Сам он не мог разжечь костер и всю ночь дрожал от холода, А днем камни раскалялись так, что до них было невозможно дотронуться. Только такой опытный, как он, лазутчик мог выдержать все эти испытания. И вот сегодня, когда ему, наконец, удалось определить место, где обычно спал Каменотес, и наметить путь, по которому ночью прокрадется в каменоломню, Каменотеса куда-то уводил помощник Великого Мастера!

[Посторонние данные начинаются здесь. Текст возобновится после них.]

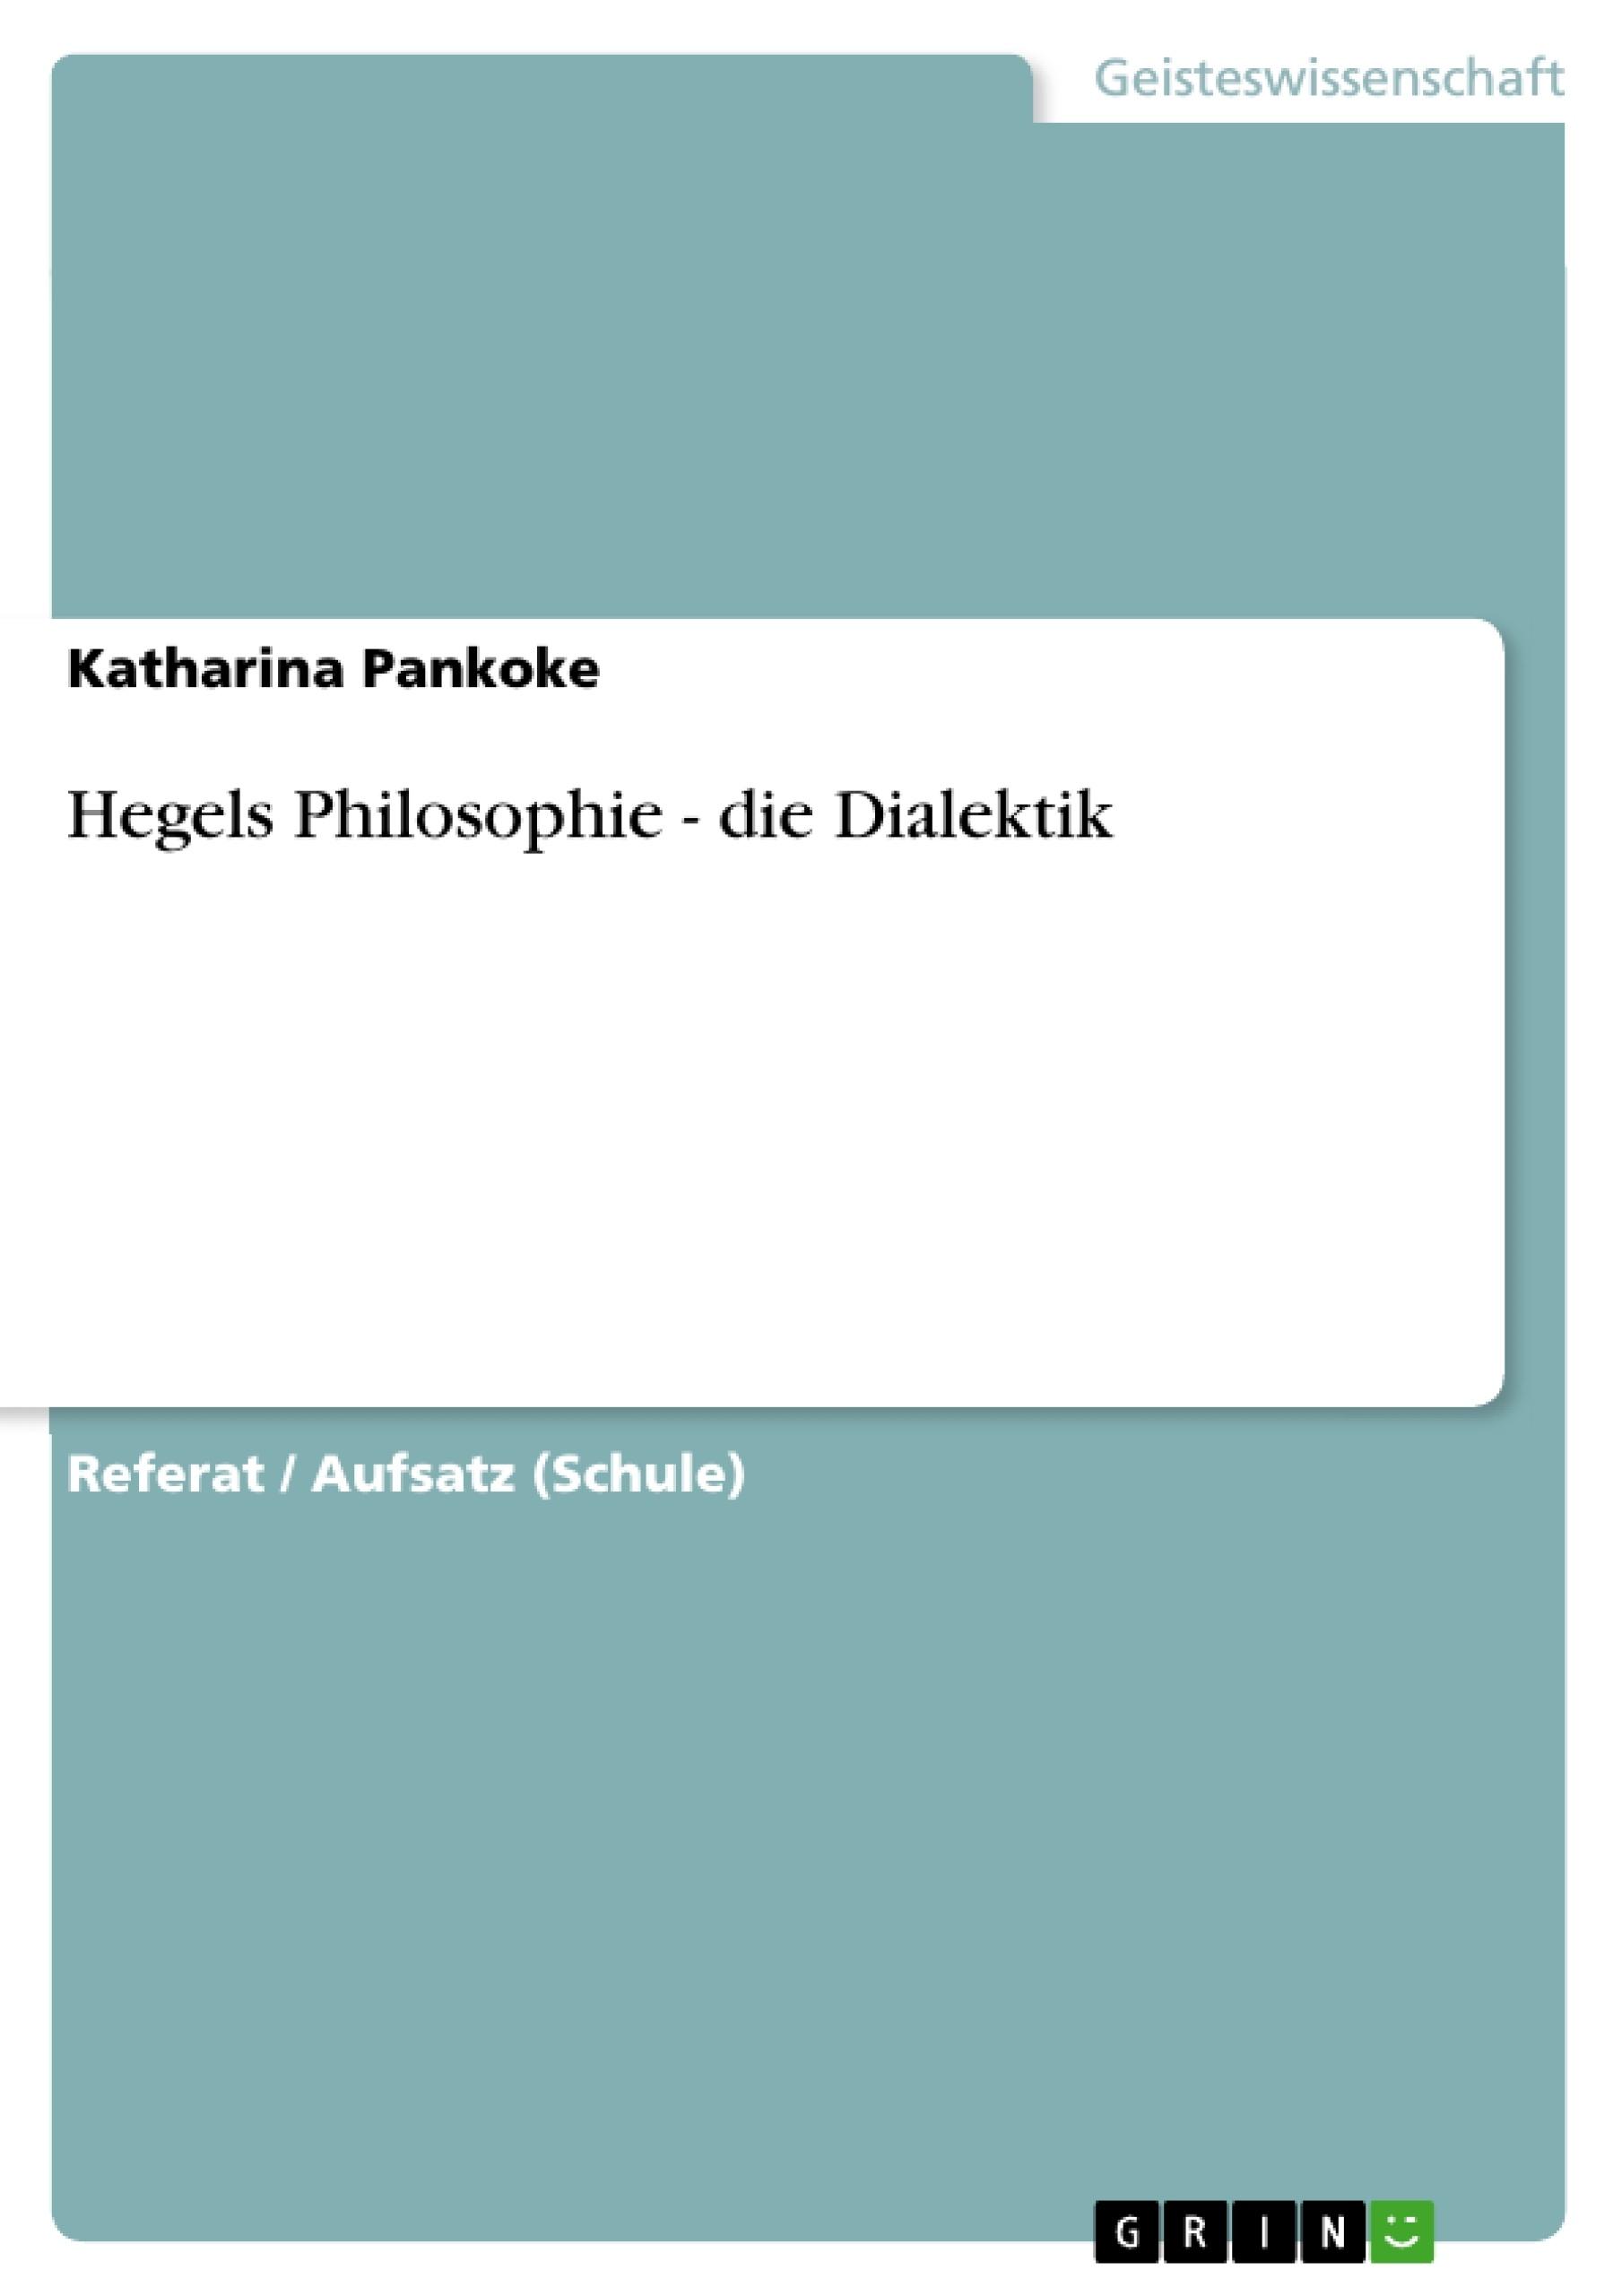 Titel: Hegels Philosophie - die Dialektik

Быстрееоленя успел заметить, что Каменотеса повели по дороге на строительство. Сегодня ночью и он проделает этот путь; теперь же нужно отдохнуть. И Быстрееоленя заставил себя заснуть, хотя солнце стояло прямо над головой и беспощадно жгло его обнаженное тело.
Так повелели боги
За многие месяцы строительных работ бревна-катки хорошо утрамбовали дорогу, и бежать по ней было легко и приятно. Великий Мастер не любил носилок. Он пользовался ими лишь для того, чтобы избежать лишних пересудов жрецов, внимательно следивших за каждым его поступком. Они никак не могли смириться с тем, что простой жрец-рисовальщик, переписывавший священные книги — хууны и украшавший их рисунками, неожиданно стал главным зодчим священного города Спящего Ягуара. Он и так позволял себе много вольностей, нарушая традиции знати, к которой теперь принадлежал. Великий Мастер прекрасно понимал, что каждая из них слишком быстро доходила до ушей правителя и в конце концов наветы жрецов могли достичь своей цели, и тогда, кто знает, какая судьба ожидала его?

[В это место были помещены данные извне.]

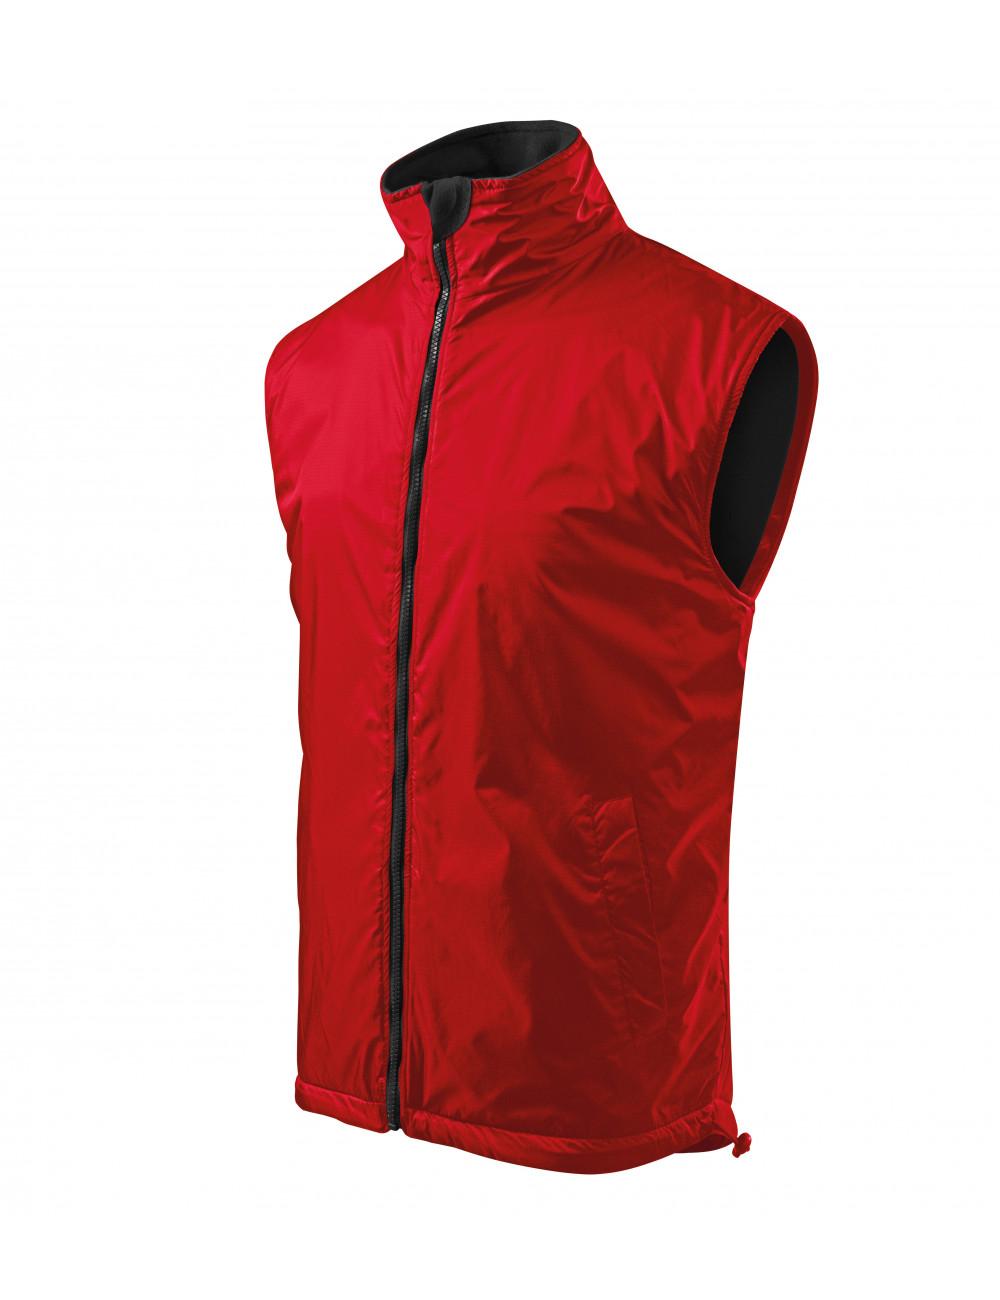 Adler MALFINI Kamizelka męska Body Warmer 509 czerwony

Дорога шла под уклон, и он не испытывал усталости. Наоборот, после нескольких часов, проведенных в носилках, которые сковывали не только движения, но и мысли, Великий Мастер чувствовал, как бег наполняет бодростью все его тело, изгоняя дурные мысли и тяжелые предчувствия. Ему даже стало смешно, когда он вспомнил беспомощную услужливость оплывшего жиром жреца, которого Великий Мастер так и не удостоил своим вниманием…
Мысль о каменоломне и строительстве, куда направлялся Великий Мастер, вернула его к прежним безрадостным думам и сомнениям. Легкий бег, наполнявший радостью тело, постепенно угас. Он зашагал медленно и тяжело.

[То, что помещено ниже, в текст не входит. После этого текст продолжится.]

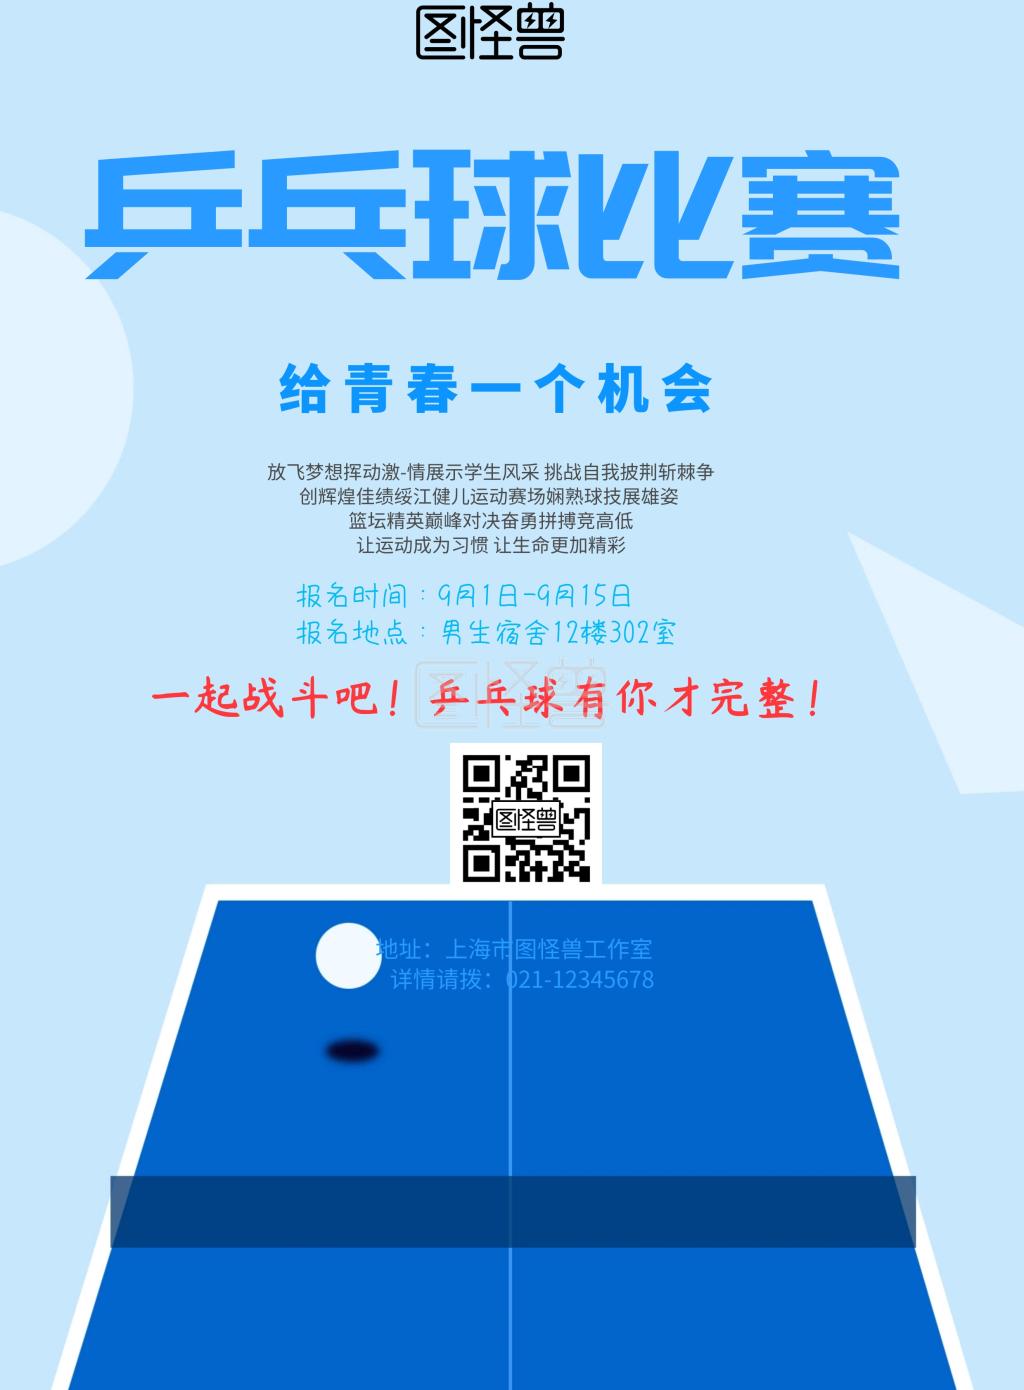 劳动竞赛宣传海报_乒乓球比赛-简约风格乒乓球比赛宣传海报在线图片制作-图怪兽

Собственная судьба не волновала Великого Мастера. Он боялся не за себя, а за строительство, за дело, которое ему могли помешать довести до конца. А то, что он задумал, было необычно и грандиозно. Воспоминания о прошлом нахлынули на Великого Мастера.
…Он понял: сейчас или никогда! Невероятным усилием воли заставил свои окаменевшие от страха ноги сделать вперед четыре шага, только четыре, как требовал обычай, и поднял левую руку к небу в знак того, что хотел говорить. Он почти не сомневался, что всемогущий Ицамна немедленно поразит его, младшего жреца, осмелившегося на такую невероятную дерзость, и от этого на душе стало легче.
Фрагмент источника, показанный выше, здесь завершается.